Parmi les recrues américaines, les CCE sont
responsables de 16 % des décès non traumatiques (38).
L’entraînement physique et les opérations menées en
climat chaud sont souvent retrouvés ; le port de tenues
militaires (treillis, protections balistiques et dans les
conditions les plus extrêmes équipements de protection
NRBC) représente une contrainte pour la dissipation de la
chaleur, augmentant le risque de CCE (30).
L’épidémiologie de cette pathologie est bien connue pour
le SSA puisqu’elle fait l’objet d’une surveillance
épidémiologique spécifique depuis 1995. Dans un
rapport récent portant sur trois années (2005-2007), 322
cas de CCE ont été rapportés. L’incidence du CCE est
évaluée à 31,2/100 000 en moyenne, l’incidence outre-mer
étant 2,5 fois plus élevée qu’en métropole. Enfin,
dans 60 % des cas déclarés, l’accident survient au cours
d’une marche course.
Les facteurs de risques.
Les facteurs de risques de survenue d’un CCE sont
principalement les facteurs climatiques, les facteurs
individuels de moins bonne tolérance à la chaleur,
auxquels s’ajoutent des facteurs plus circonstanciels.

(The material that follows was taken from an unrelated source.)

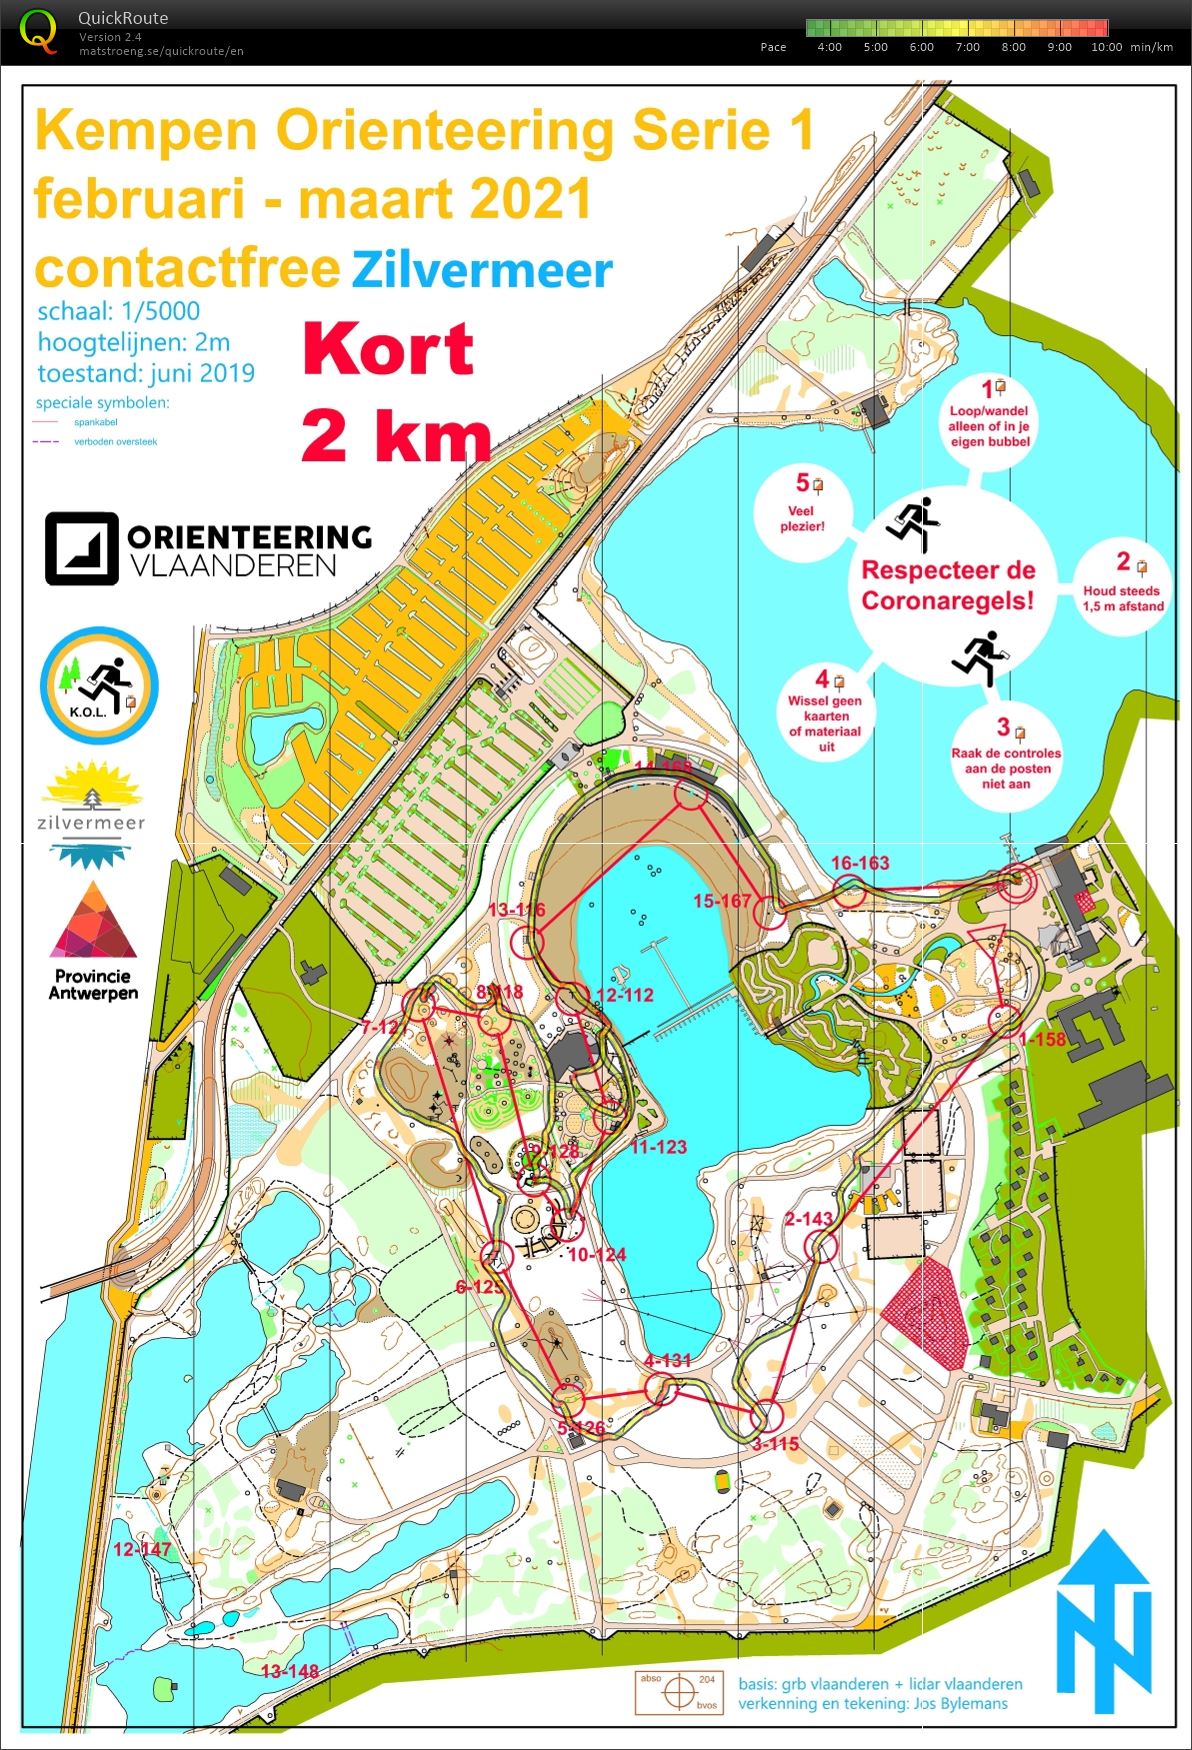 Kempen Orienteering Series - Zilvermeer - Kort (07.03.2021)

Les facteurs intrinsèques sont l’âge (>40 ans), une
petite taille, une faible capacité aérobie. Le rôle
du surpoids ou d’un index de masse corporelle élevé a
été discuté, mais n’est pas toujours retrouvé. Les
antécédents personnels d’intolérance à la chaleur, de
pathologie cardiovasculaire, d’anomalie métabolique
ou maladie cutanée compromettant la sudation
constituent un risque supplémentaire.
Les risques surajoutés sont une prise médicamenteuse
ou une vaccination récente. Les risques intrinsèques
circonstanciels sont extrêmement importants dans
la genèse du CCE, les plus importants étant la
déshydratation, la fatigue, la privation de sommeil,
l’absence d’acclimatation à la chaleur ou une très forte
motivation. Les facteurs extrinsèques sont des facteurs
d’ambiance climatique qui compromettent la
thermorégulation (6).
Prévention.
Les bases de la prévention des pathologies liées à la
chaleur sont :
– la sélection médicale. Elle est incontournable
et repose sur la recherche de facteurs de risques consti-tutifs
ou passagers (vaccinations, état infectieux…) qui
contre-indiqueraient la pratique sportive en ambiance
climatique à risque ;
– l’amélioration de la tolérance individuelle à la chaleur
(entraînement, acclimatation, hydratation) ;
– la réduction de la charge thermique (se protéger de la
chaleur ambiante), qui repose aussi sur l’adaptation des
exercices aux contraintes climatiques, le respect de
périodes de repos, le port de vêtements adaptés au climat,
et l’application de règles d’hydratation. L’utilisation de
supports pédagogiques adaptés peut être d’une grande
importance. L’utilisation d’outils prédictifs basés sur une
mesure objective simple, celle de la température WBGT
(Wet Bulb Globe Temperature) est très utile à la
caractérisation de l’ambiance climatique.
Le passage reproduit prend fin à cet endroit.